The renovation node is connected to ongoing, noisy, noise, informed, morning, wifi, furniture, time, booking, lot, and due. → Noise and renovation notices are consistently mentioned across reviews.

#🛠️ 4. Aging Facilities & Need for Updates

Nodes such as refurbishment, outdated, dated, and broken cluster with hotel, view, and staff. → Negative terms like “outdated,” “dated,” and “broken” rank high in TF–IDF scores, indicating frequent concerns about aging infrastructure.

#🥤 5. Beverage & In-Room Amenities

The water node connects with free, coffee, tea, kettle, bottle, facilities, shower, temperature, hot, cold, and bathroom. → Many reviewers compliment the complimentary water, in-room coffee/tea makers, and reliable hot/cold water.

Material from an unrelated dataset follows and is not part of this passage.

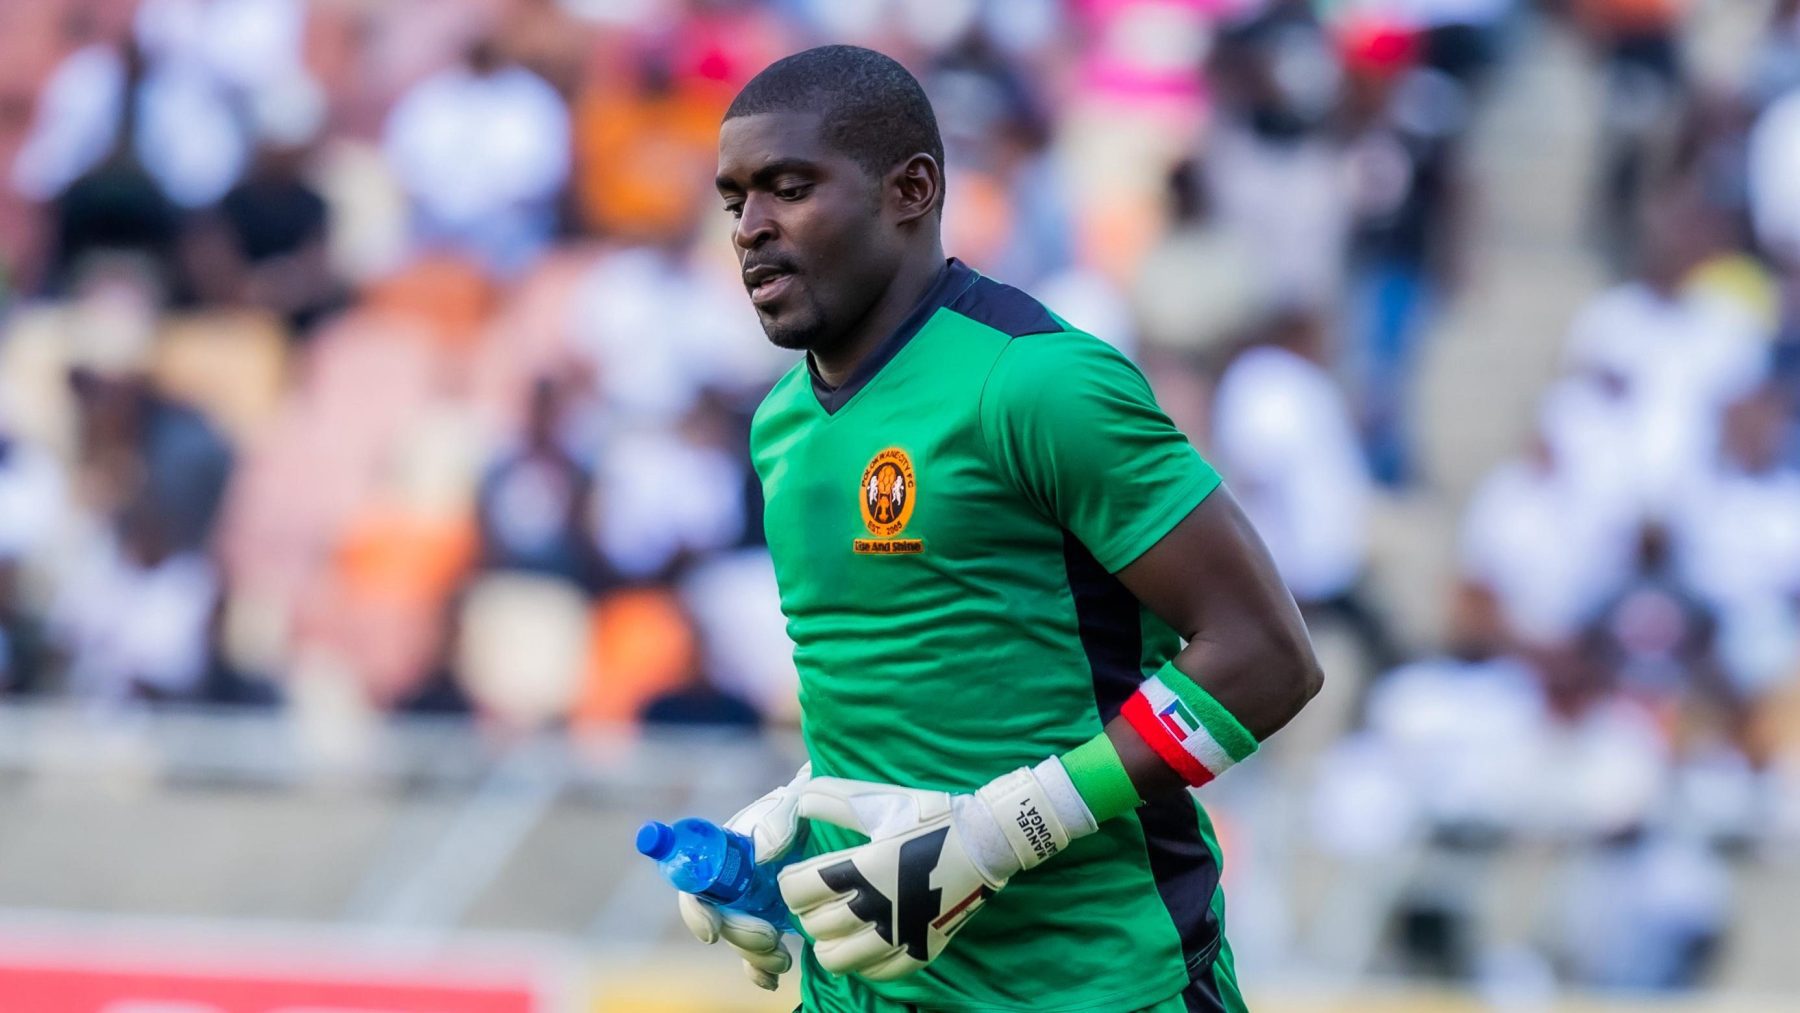 Manuel Sapunga has been one of the best Polokwane City players

#🛍️ 6. Access to Shopping & Leisure

The shopping and mall nodes are linked with metro, views, night, and bit. → Proximity to the metro, shopping centers, and walking paths makes it convenient for shopping, nighttime strolls, and leisure activities.

✨ Summary

Reviews of Hyatt Regency Paris Etoile highlight: Metro access as a top strength Spectacular views of the Eiffel Tower and Arc de Triomphe, along with a prime location Ongoing renovation noise and lack of advance notice Concerns over dated facilities and room conditions Complimentary drinks and amenities praised by guests Immediate proximity to shopping malls and leisure spots

🏨 Final Recommendation: Hyatt Regency Amsterdam

Ideally located in the heart of Amsterdam, allowing easy walkable access to major attractions Peaceful canal-view rooms and friendly service provide a relaxing atmosphere Excellent tram and metro access, making it easy to reach the airport and city outskirts Described as a “hidden gem” with a cozy, emotional vibe—perfect for solo travelers seeking calm in the city

Conclusion

I’m glad I was able to analyze the data in such an interesting way. It was rewarding to see that the results turned out to be meaningful. I also learned many new techniques using ChatGPT 😊

If I had more time, I feel confident that I could dive even deeper into the analysis. I’m motivated to explore even more methods going forward.